▸ **Problem requirements**
Find the line with "Meshing slide fastener" in the entries below. Repeat it, every following line, and the line with "The North Face", exactly and with nothing added.

(Records contained in a dataset)
========
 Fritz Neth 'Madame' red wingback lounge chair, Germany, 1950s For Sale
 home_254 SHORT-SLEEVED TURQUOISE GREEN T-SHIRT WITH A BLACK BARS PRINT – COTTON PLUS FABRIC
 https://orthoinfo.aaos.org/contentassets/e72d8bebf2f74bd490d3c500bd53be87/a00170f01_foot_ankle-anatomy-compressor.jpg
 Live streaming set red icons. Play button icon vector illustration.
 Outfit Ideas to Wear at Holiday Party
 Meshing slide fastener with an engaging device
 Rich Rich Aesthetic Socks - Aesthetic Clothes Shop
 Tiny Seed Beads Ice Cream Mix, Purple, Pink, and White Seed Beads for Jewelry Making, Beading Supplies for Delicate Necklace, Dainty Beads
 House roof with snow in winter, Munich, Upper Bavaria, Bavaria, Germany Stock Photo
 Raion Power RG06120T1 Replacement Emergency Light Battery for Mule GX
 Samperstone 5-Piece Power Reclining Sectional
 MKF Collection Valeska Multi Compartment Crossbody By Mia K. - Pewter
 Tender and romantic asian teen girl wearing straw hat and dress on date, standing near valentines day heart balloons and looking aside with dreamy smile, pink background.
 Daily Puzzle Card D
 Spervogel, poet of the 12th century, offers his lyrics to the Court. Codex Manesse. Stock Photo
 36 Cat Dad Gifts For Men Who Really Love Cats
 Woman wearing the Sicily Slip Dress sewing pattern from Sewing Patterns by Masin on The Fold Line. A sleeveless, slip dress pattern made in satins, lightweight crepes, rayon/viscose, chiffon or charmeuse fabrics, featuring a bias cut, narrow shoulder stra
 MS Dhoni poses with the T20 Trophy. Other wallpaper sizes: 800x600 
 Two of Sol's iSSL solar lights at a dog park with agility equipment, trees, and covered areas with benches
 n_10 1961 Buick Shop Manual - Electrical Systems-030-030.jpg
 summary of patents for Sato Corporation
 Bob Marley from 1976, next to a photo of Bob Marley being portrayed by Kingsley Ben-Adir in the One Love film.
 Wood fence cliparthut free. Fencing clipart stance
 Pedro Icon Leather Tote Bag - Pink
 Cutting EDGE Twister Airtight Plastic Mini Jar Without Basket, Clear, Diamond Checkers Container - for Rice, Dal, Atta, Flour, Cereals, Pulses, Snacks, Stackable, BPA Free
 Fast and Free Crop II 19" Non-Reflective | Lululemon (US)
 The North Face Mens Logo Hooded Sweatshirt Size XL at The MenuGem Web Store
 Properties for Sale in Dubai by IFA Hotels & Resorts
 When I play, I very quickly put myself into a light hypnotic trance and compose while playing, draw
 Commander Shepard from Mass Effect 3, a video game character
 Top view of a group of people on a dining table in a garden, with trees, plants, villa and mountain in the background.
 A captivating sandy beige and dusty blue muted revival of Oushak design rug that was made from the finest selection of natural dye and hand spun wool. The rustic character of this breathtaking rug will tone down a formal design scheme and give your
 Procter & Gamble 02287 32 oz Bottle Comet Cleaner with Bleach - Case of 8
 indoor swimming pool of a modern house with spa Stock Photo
========
▸ **Response to this exercise**
 Meshing slide fastener with an engaging device
 Rich Rich Aesthetic Socks - Aesthetic Clothes Shop
 Tiny Seed Beads Ice Cream Mix, Purple, Pink, and White Seed Beads for Jewelry Making, Beading Supplies for Delicate Necklace, Dainty Beads
 House roof with snow in winter, Munich, Upper Bavaria, Bavaria, Germany Stock Photo
 Raion Power RG06120T1 Replacement Emergency Light Battery for Mule GX
 Samperstone 5-Piece Power Reclining Sectional
 MKF Collection Valeska Multi Compartment Crossbody By Mia K. - Pewter
 Tender and romantic asian teen girl wearing straw hat and dress on date, standing near valentines day heart balloons and looking aside with dreamy smile, pink background.
 Daily Puzzle Card D
 Spervogel, poet of the 12th century, offers his lyrics to the Court. Codex Manesse. Stock Photo
 36 Cat Dad Gifts For Men Who Really Love Cats
 Woman wearing the Sicily Slip Dress sewing pattern from Sewing Patterns by Masin on The Fold Line. A sleeveless, slip dress pattern made in satins, lightweight crepes, rayon/viscose, chiffon or charmeuse fabrics, featuring a bias cut, narrow shoulder stra
 MS Dhoni poses with the T20 Trophy. Other wallpaper sizes: 800x600 
 Two of Sol's iSSL solar lights at a dog park with agility equipment, trees, and covered areas with benches
 n_10 1961 Buick Shop Manual - Electrical Systems-030-030.jpg
 summary of patents for Sato Corporation
 Bob Marley from 1976, next to a photo of Bob Marley being portrayed by Kingsley Ben-Adir in the One Love film.
 Wood fence cliparthut free. Fencing clipart stance
 Pedro Icon Leather Tote Bag - Pink
 Cutting EDGE Twister Airtight Plastic Mini Jar Without Basket, Clear, Diamond Checkers Container - for Rice, Dal, Atta, Flour, Cereals, Pulses, Snacks, Stackable, BPA Free
 Fast and Free Crop II 19" Non-Reflective | Lululemon (US)
 The North Face Mens Logo Hooded Sweatshirt Size XL at The MenuGem Web Store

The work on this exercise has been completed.